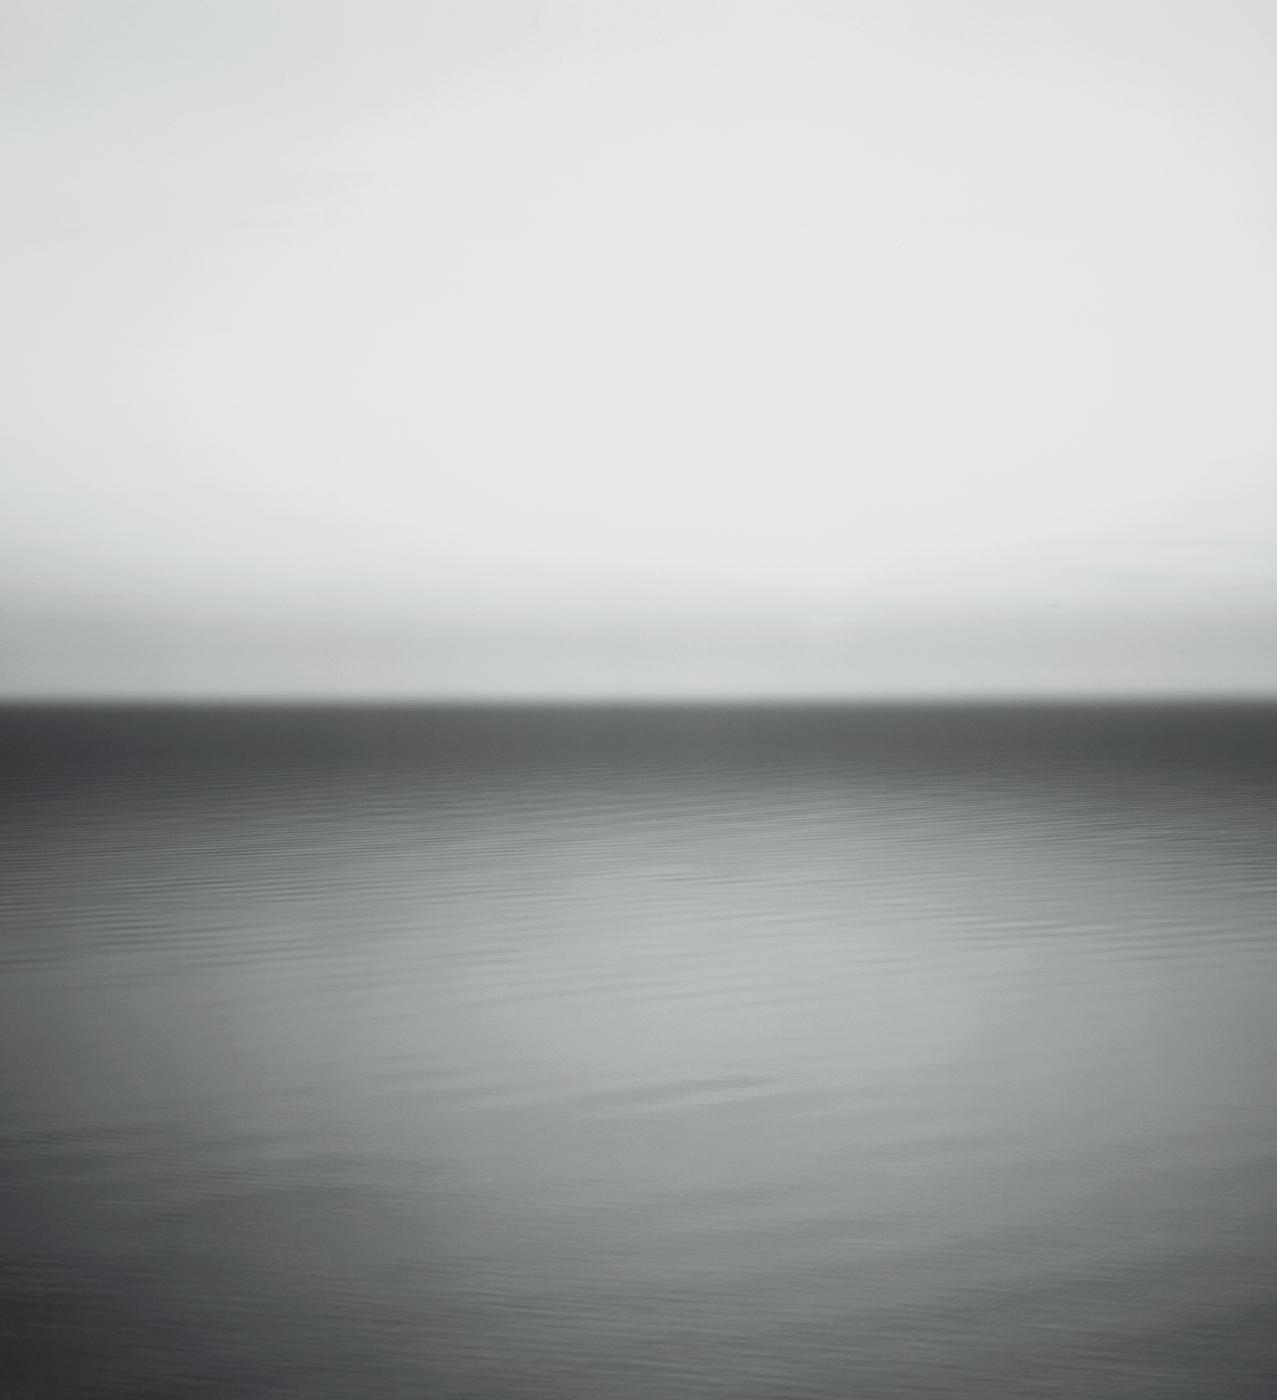 日本攝影大師 Hiroshi Sugimoto 同名的個人專集/圖片來源:Hatje Cantz 官方網頁
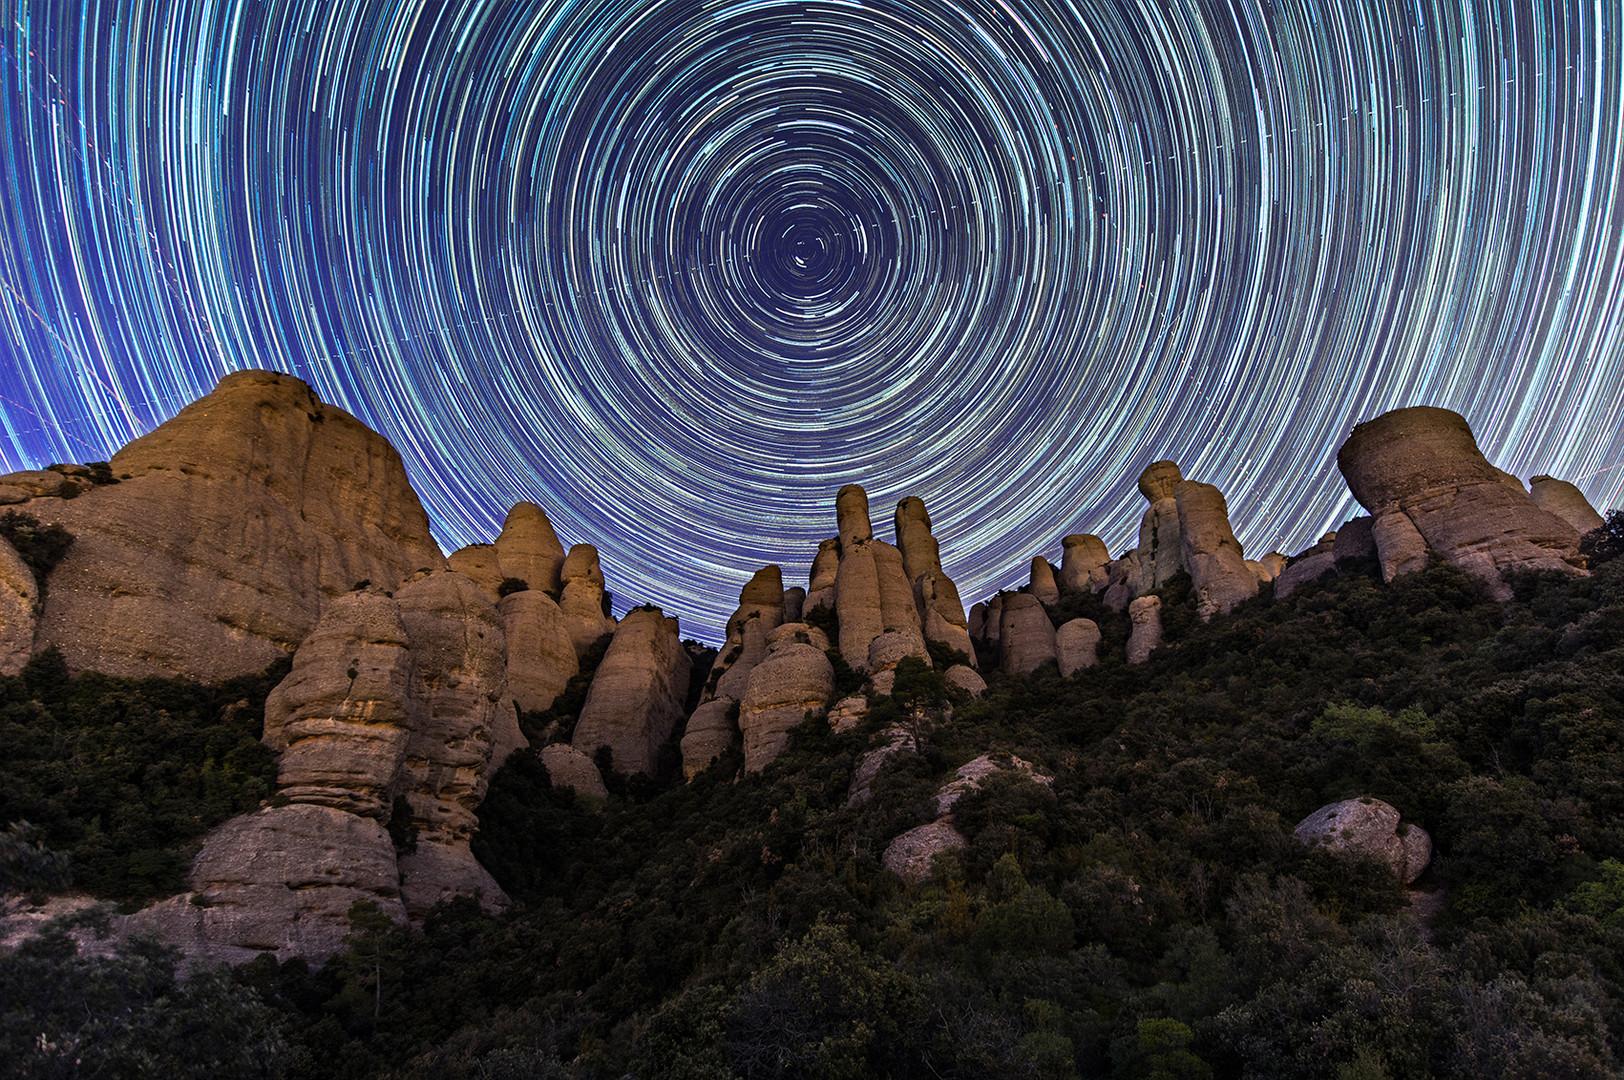 Les Agulles. Montserrat mountain.
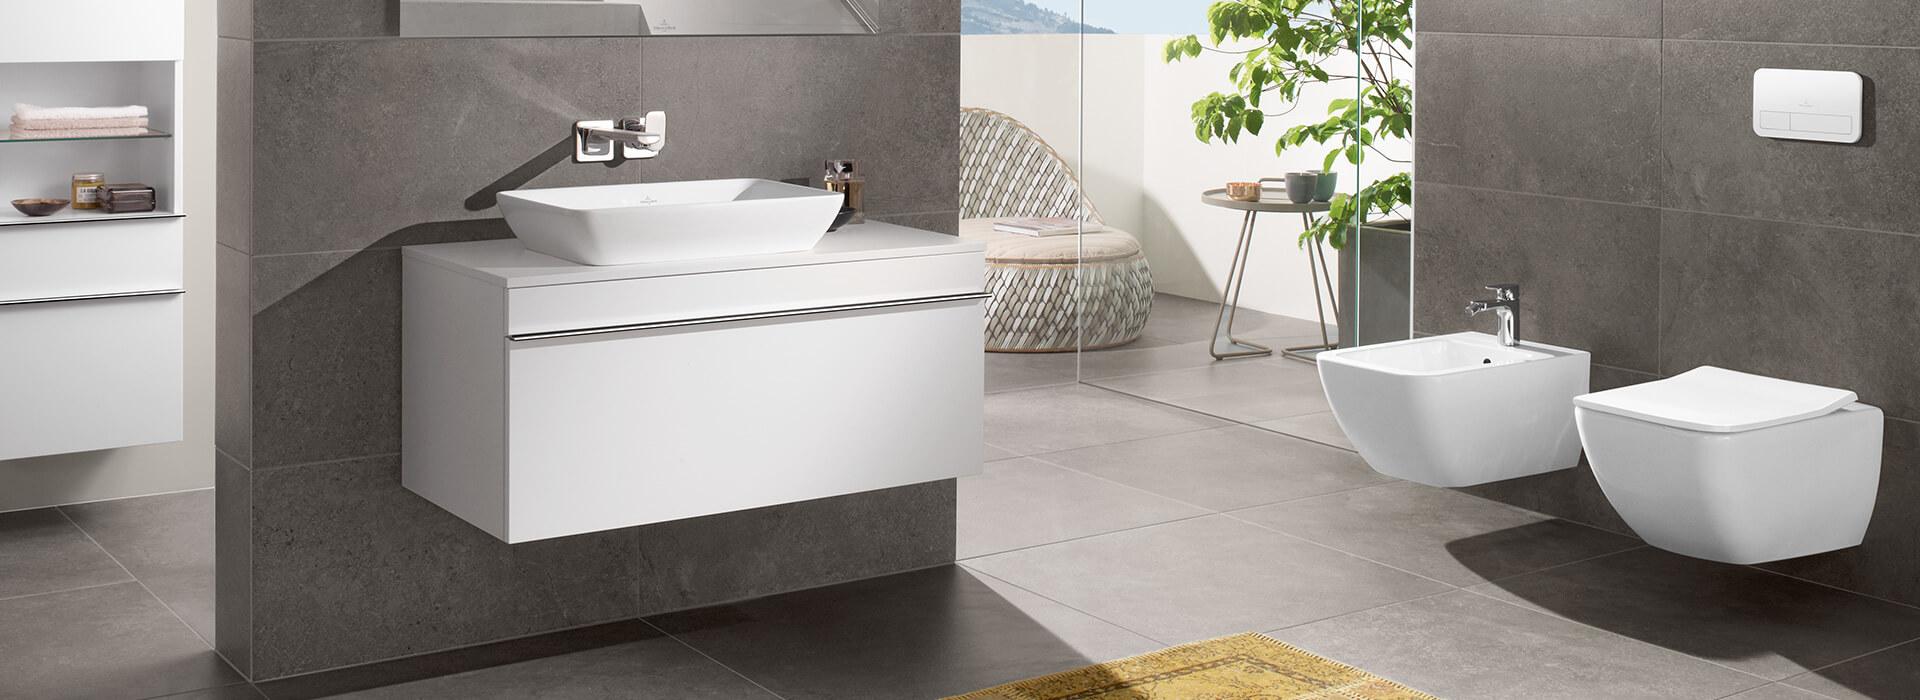 villeroy & boch, Badezimmer

• What this task involves
Without including any picture, repeat the data exactly.

• Output below
 日本攝影大師 Hiroshi Sugimoto 同名的個人專集/圖片來源:Hatje Cantz 官方網頁
 Les Agulles. Montserrat mountain.
 villeroy & boch, Badezimmer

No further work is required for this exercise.